In short: What is the best way to write and debug PostgreSQL queries that make use of procedural programming techniques (e.g. using pl/pgsql)? I'm pretty new to writing these types of procedural queries so apologies in advance if there is a really simple solution I haven't found.
Specifics: I am writing some (relatively) complex SQL queries that make use of existing pl/pgsql functions and ideally would make use of lots of variables to make the query easy to debug and modify. (The example code below is deliberately simple; my actual use cases are much more complicated.)
My first solution was to embed everything inside a function, but this is clunky. Since I have to declare the return type explicitly, it makes modifying the code a pain:
CREATE OR REPLACE FUNCTION
my_schema.my_fcn()
RETURNS TABLE(user_id integer,
id integer,
created_at timestamp) AS
$BODY$
DECLARE
_id_select integer = 10;
BEGIN
RETURN QUERY
SELECT
user_id,
id,
created_at
WHERE id = _id_selector
-- possibly a ton of other complicated stuff involving other functions and variables
FROM my_schema.my_other_fcn()
END;
$BODY$
LANGUAGE plpgsql;
(Edit: Made the query slightly more nontrivial.)
Now suppose I want to add order_total
to my query and get rid of id
: Then I have to modify the return type. This is going to happen a lot, and its annoying to have to change the return type over and over.

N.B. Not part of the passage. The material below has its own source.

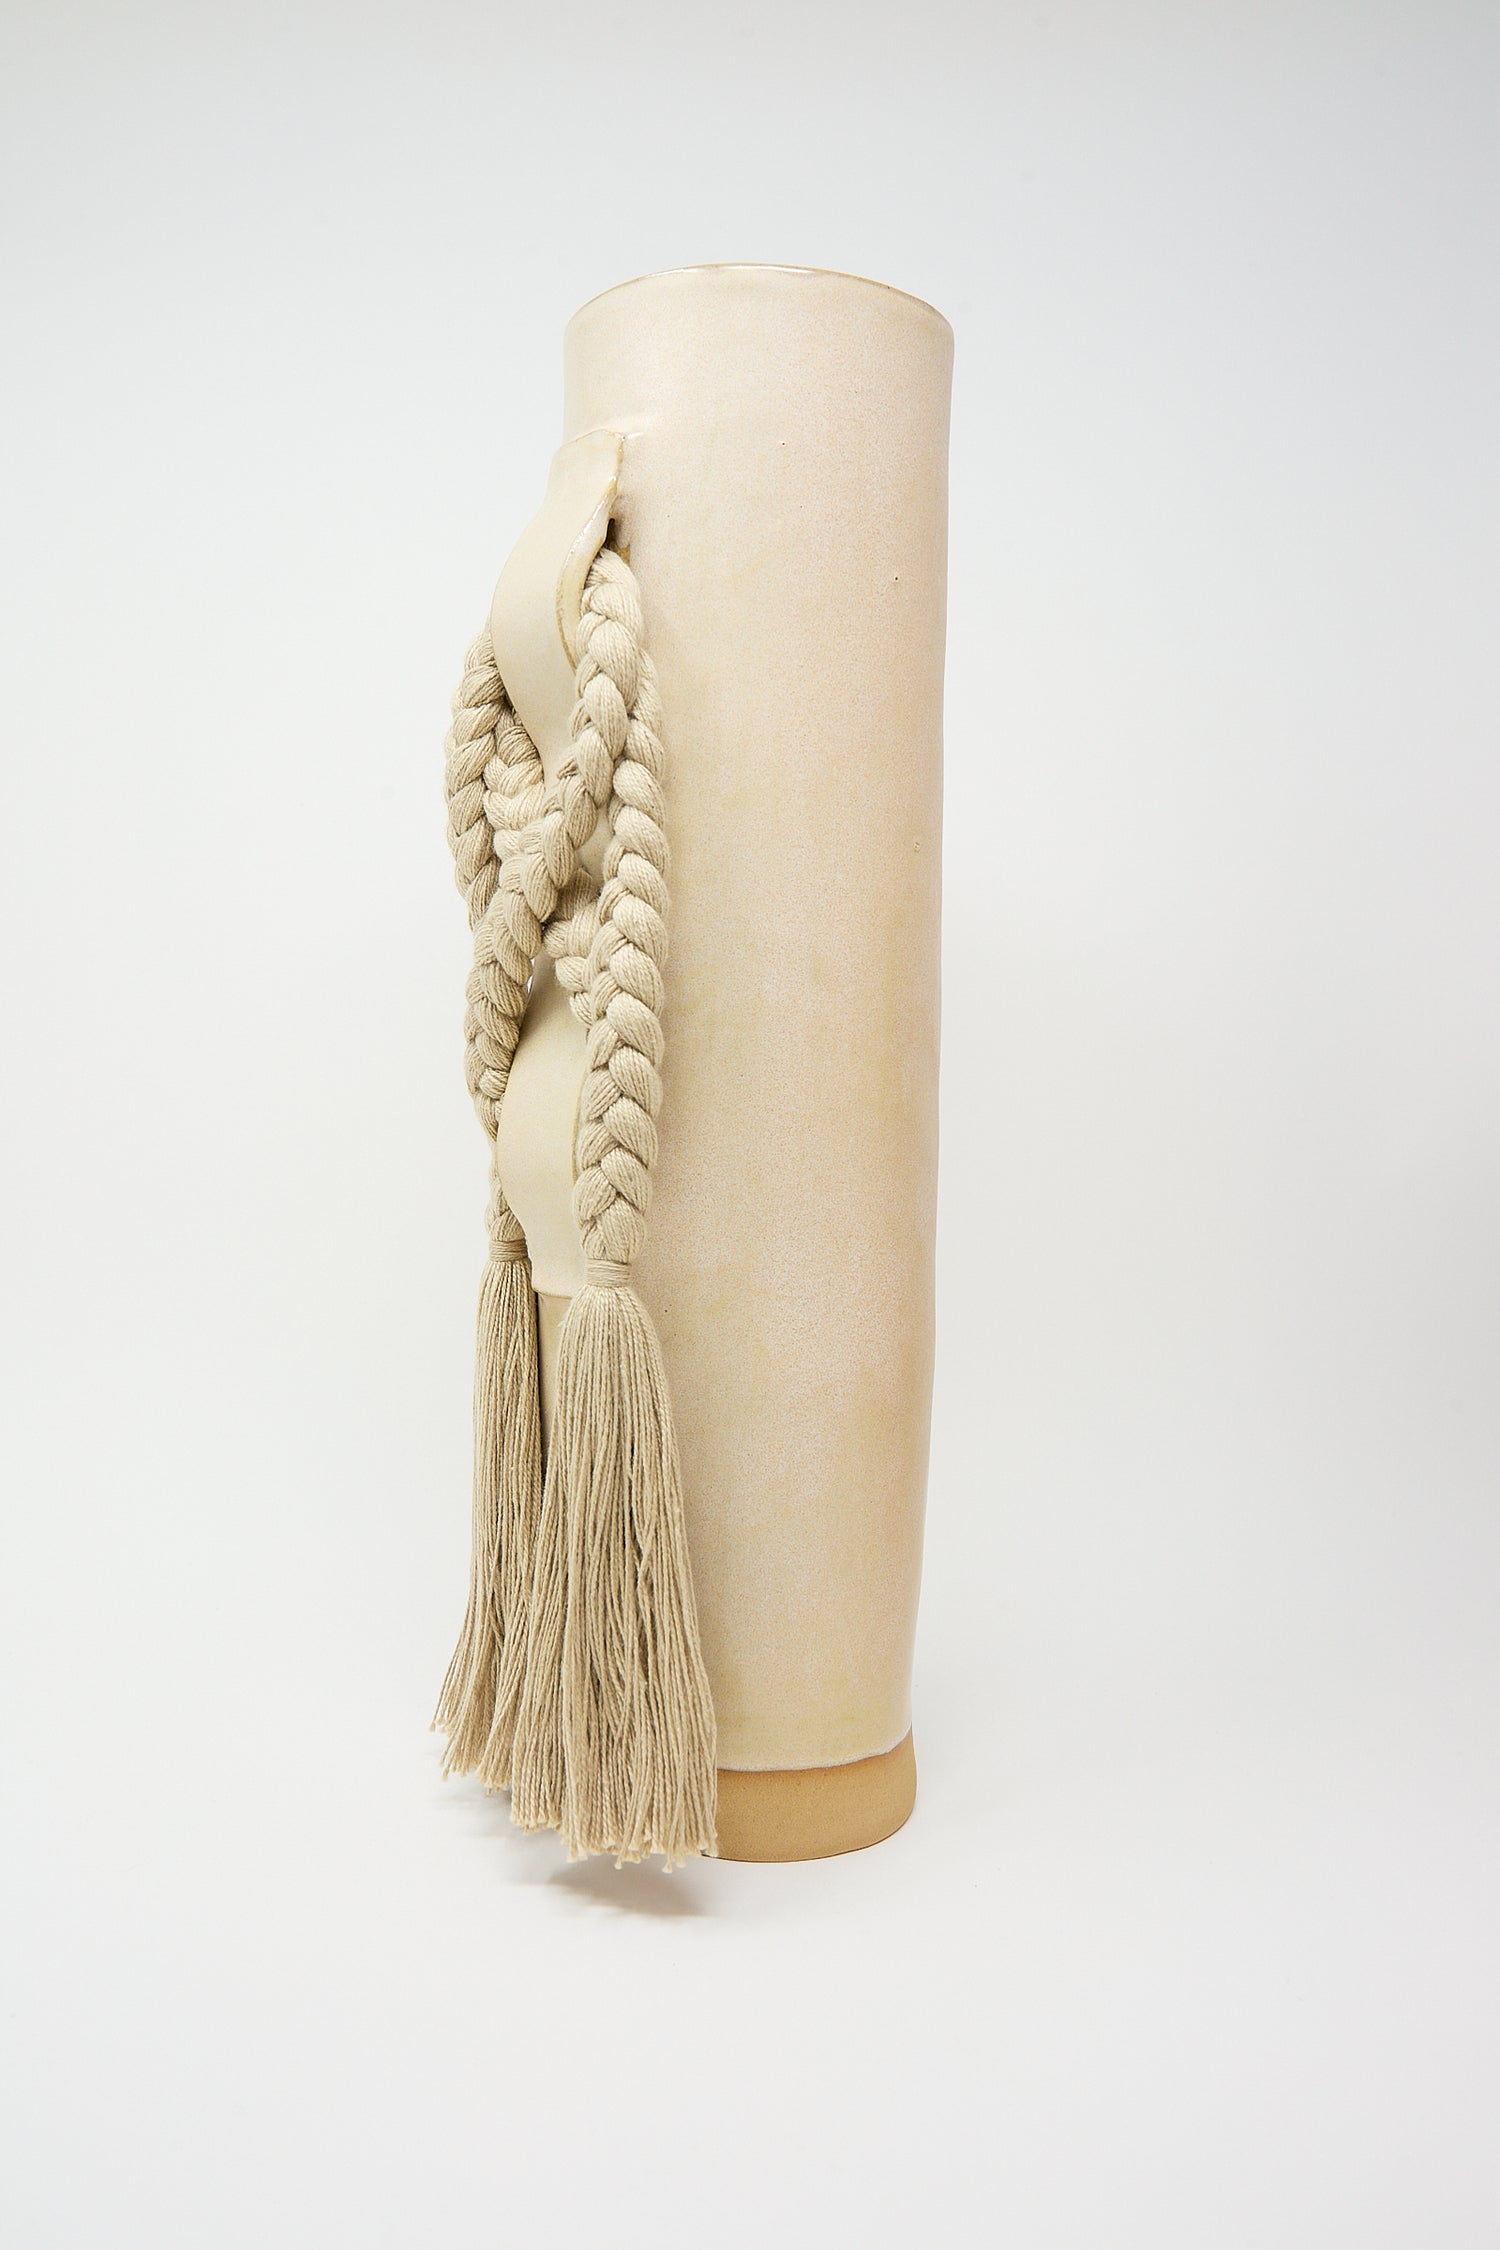 Beige cylindrical handcrafted Vase #696 bolster pillow with braided tassels on a white background by Karen Tinney.

The next solution I tried was to NOT use a function, and try something along these lines: How can I execute pl/pgsql code without creating a function? This does not work either:
DO $$
DECLARE
_id_select integer = 10;
BEGIN
SELECT
user_id,
id,
created_at
WHERE id = _id_selector
-- possibly a ton of other complicated stuff involving other functions and variables
FROM my_schema.my_other_fcn()
END $$;
The resulting error:
ERROR: query has no destination for result data
HINT: If you want to discard the results of a SELECT, use PERFORM instead.
CONTEXT: PL/pgSQL function inline_code_block line 4 at SQL statement
********** Error **********
ERROR: query has no destination for result data
I do not want to use PERFORM
because, actually, I do want to see the result of the query.
Is there a graceful and/or standard solution to this type of SQL programming?
Why you don't call plpgsql function directly?
do only:
I don't like a this style of plpgsql programming - wrapping queries. You can block very effective planner - because plpgsql function is black box for optimizer - so you can expect terrible performance issues on large data. PLpgSQL functions should not to substitute a views.
Statement DO should not to return any result. Simply - PostgreSQL functions should not to substitute PostgreSQL views.